### [Try it]
Only the pictures should be left out; write out all other data exactly.

### [Data extract]
++++

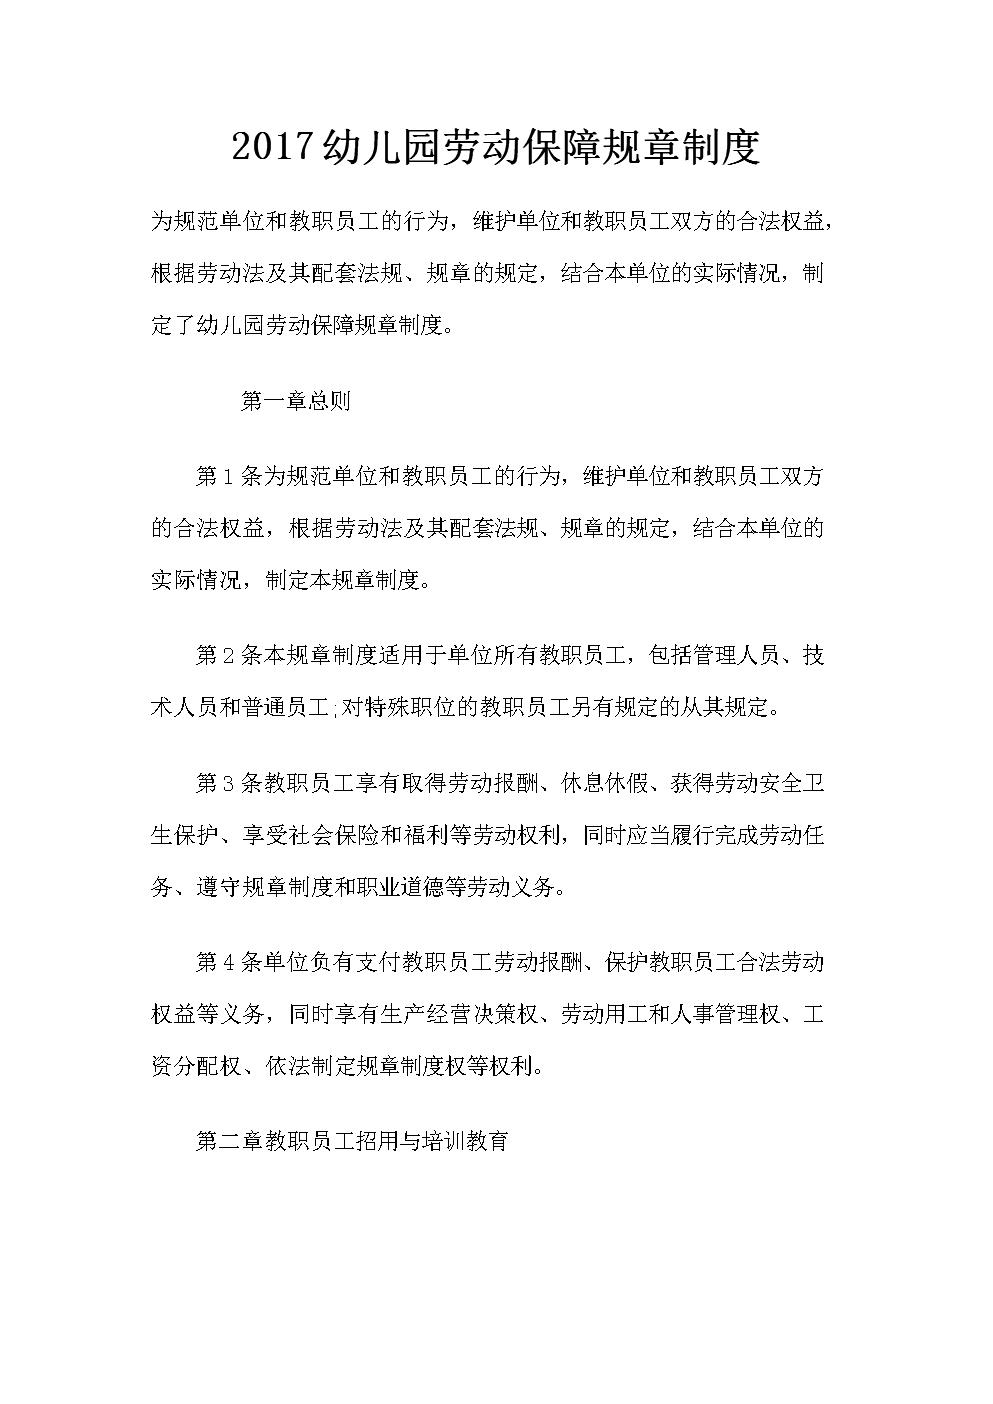 2017幼儿园劳动保障规章制度.doc
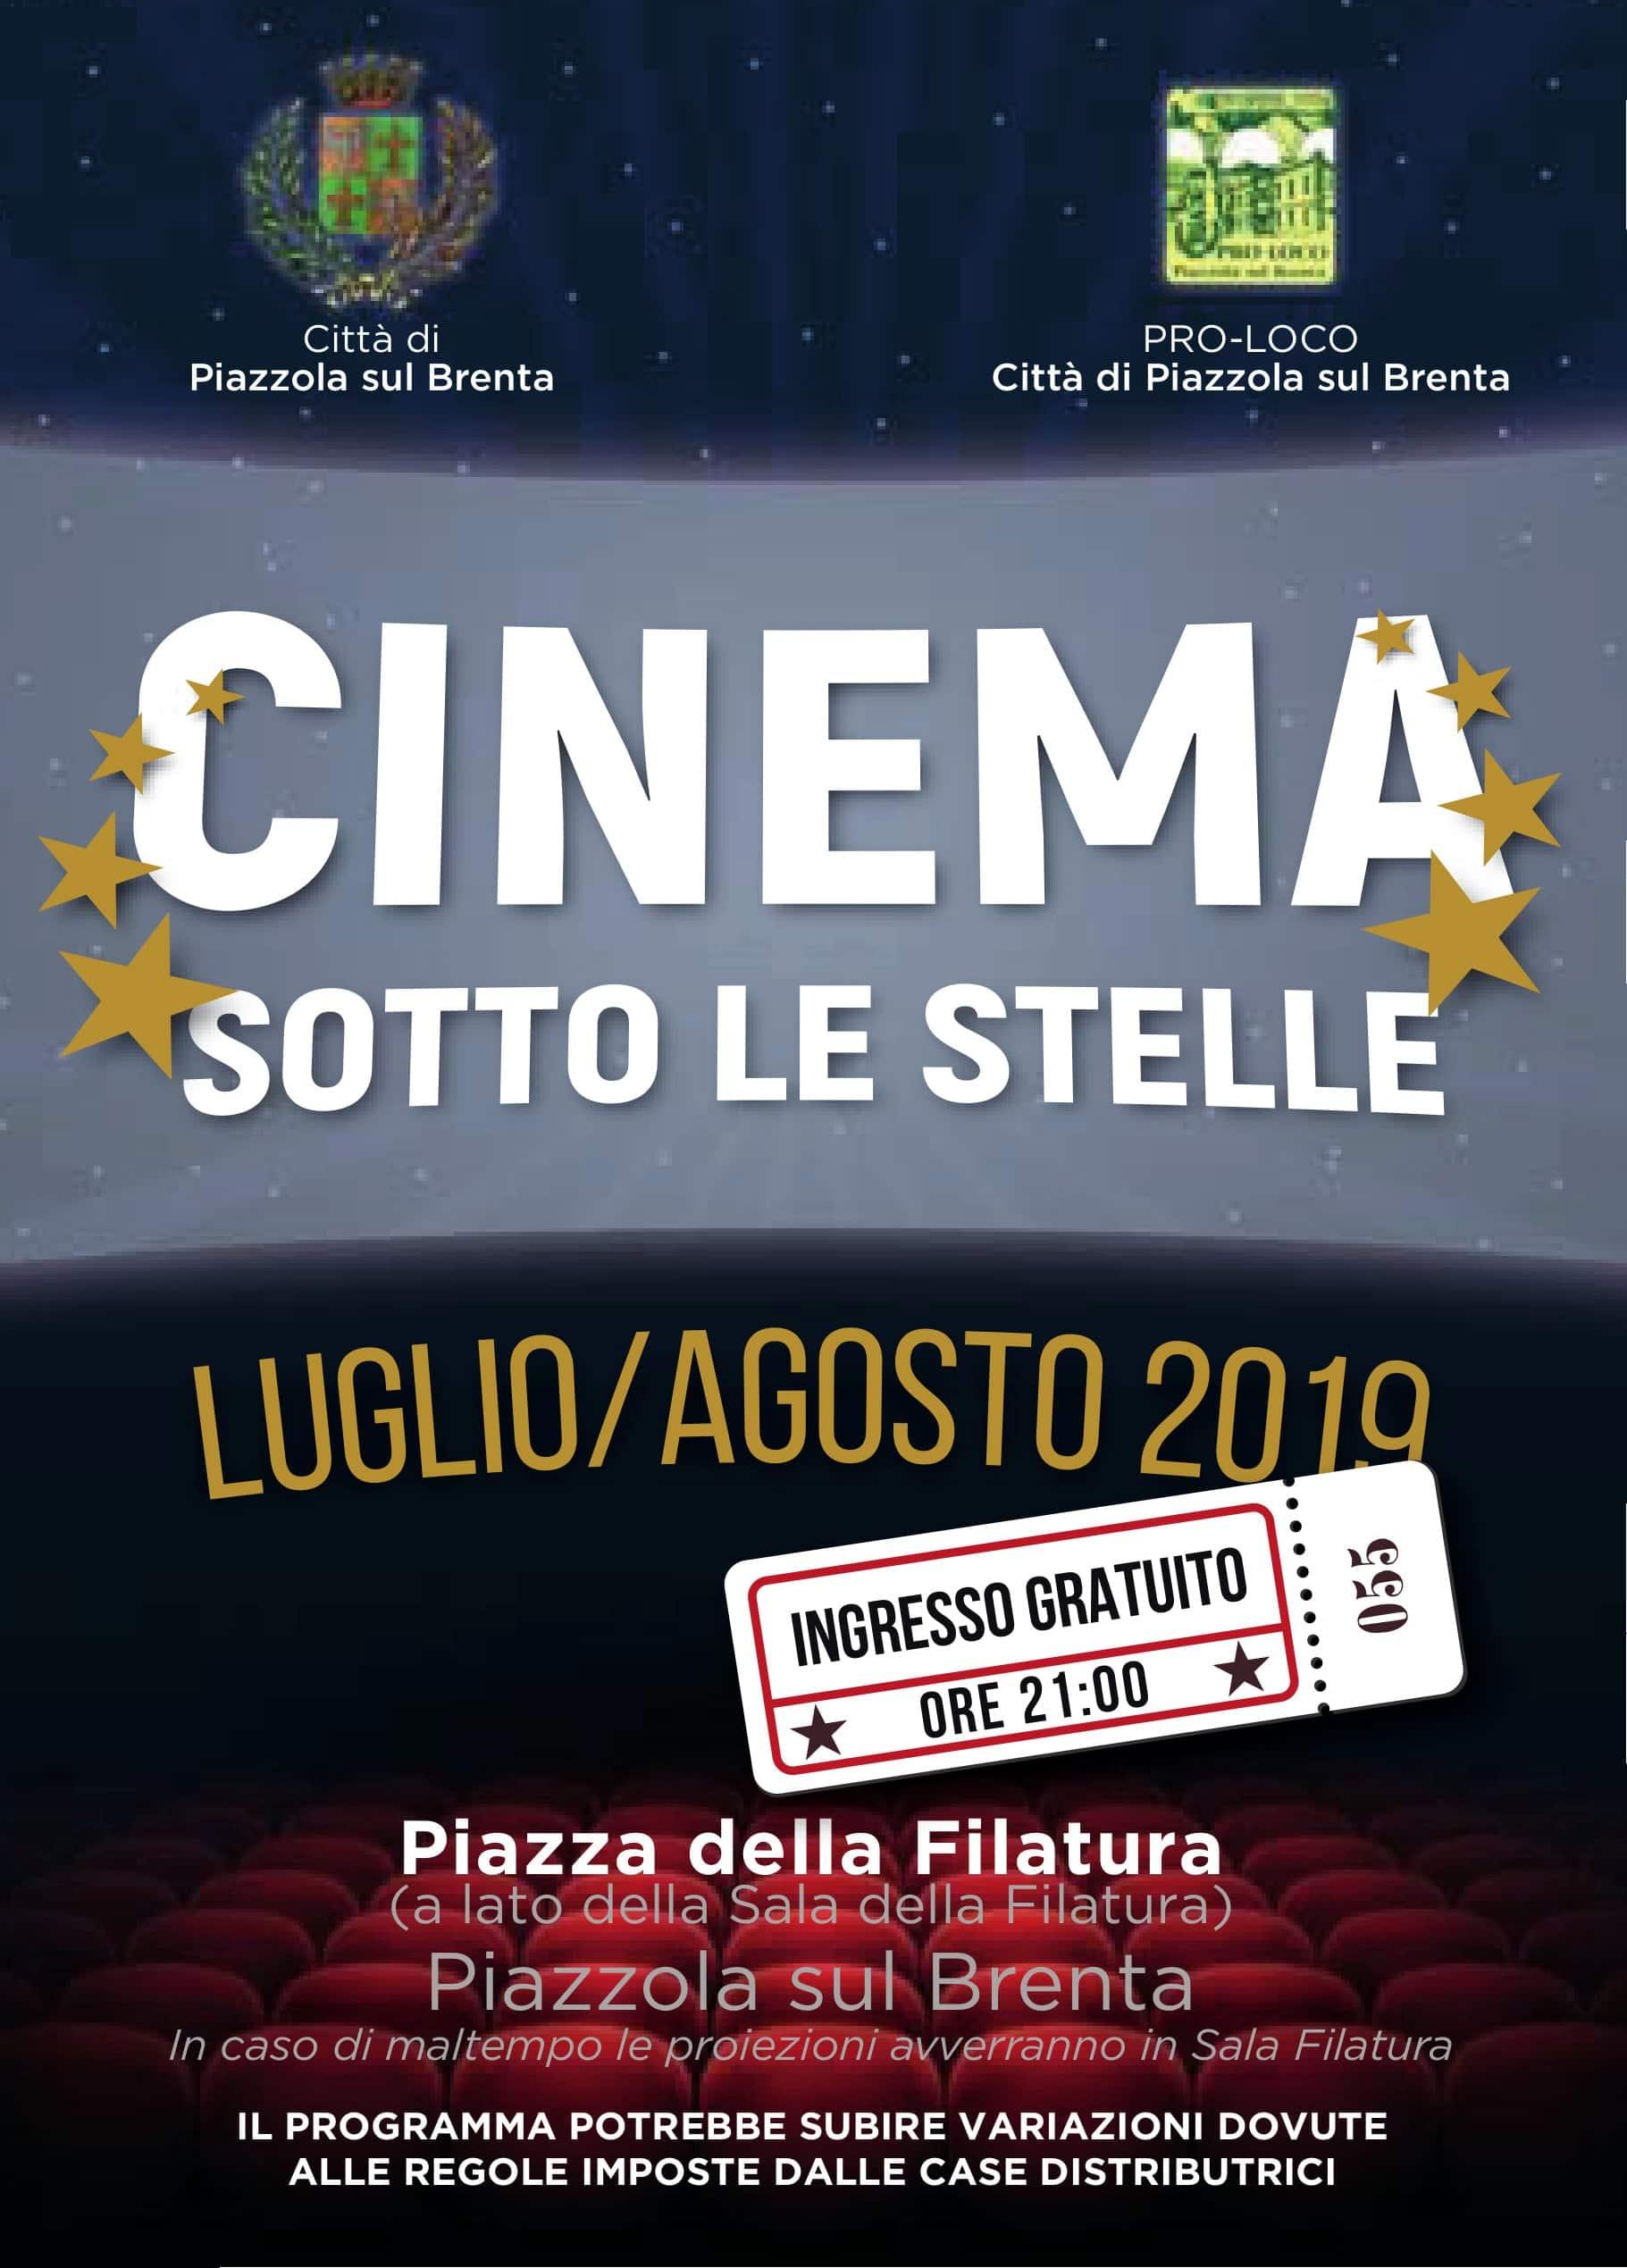 Calendario Cinema Petrarca.Cinema Sotto Le Stelle Tutte Le Proiezioni A Piazzola Sul
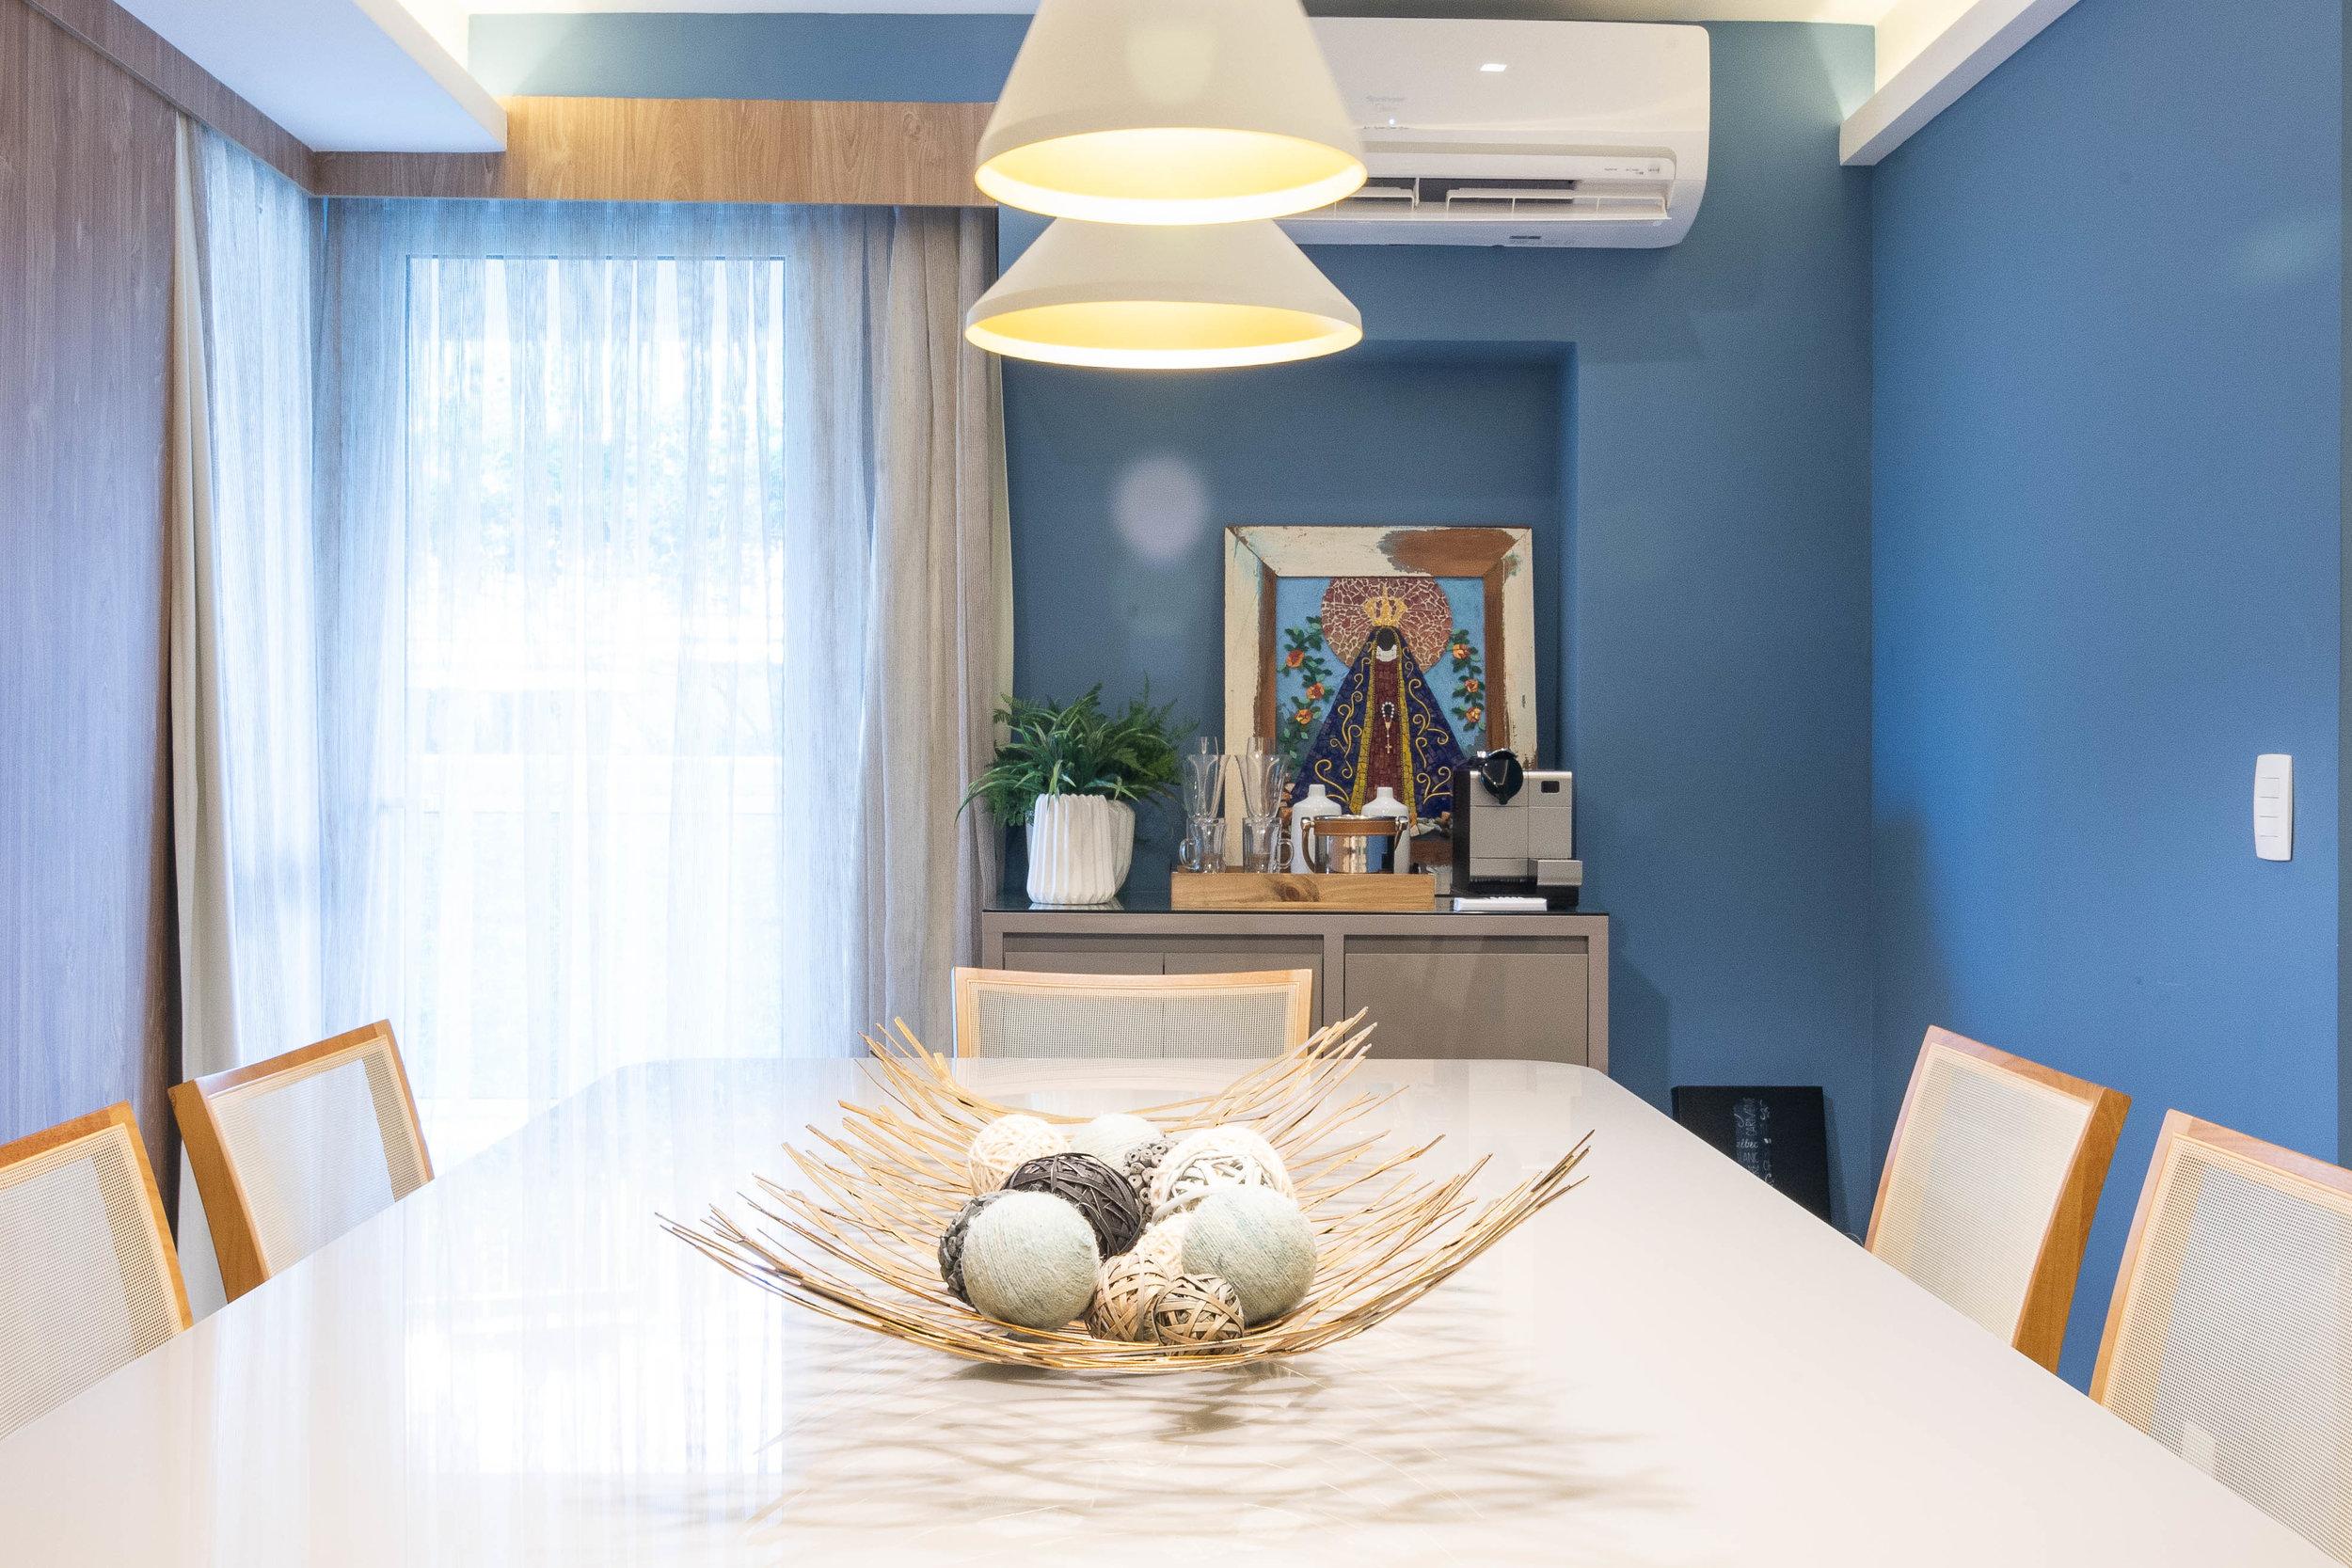 projeto-arquitetonico-luciananilton-duo-arquitetura-apartamentos-praia-09.jpg

++++

### [Response to this task]
 2017幼儿园劳动保障规章制度.doc
 Calendario Cinema Petrarca.Cinema Sotto Le Stelle Tutte Le Proiezioni A Piazzola Sul
 projeto-arquitetonico-luciananilton-duo-arquitetura-apartamentos-praia-09.jpg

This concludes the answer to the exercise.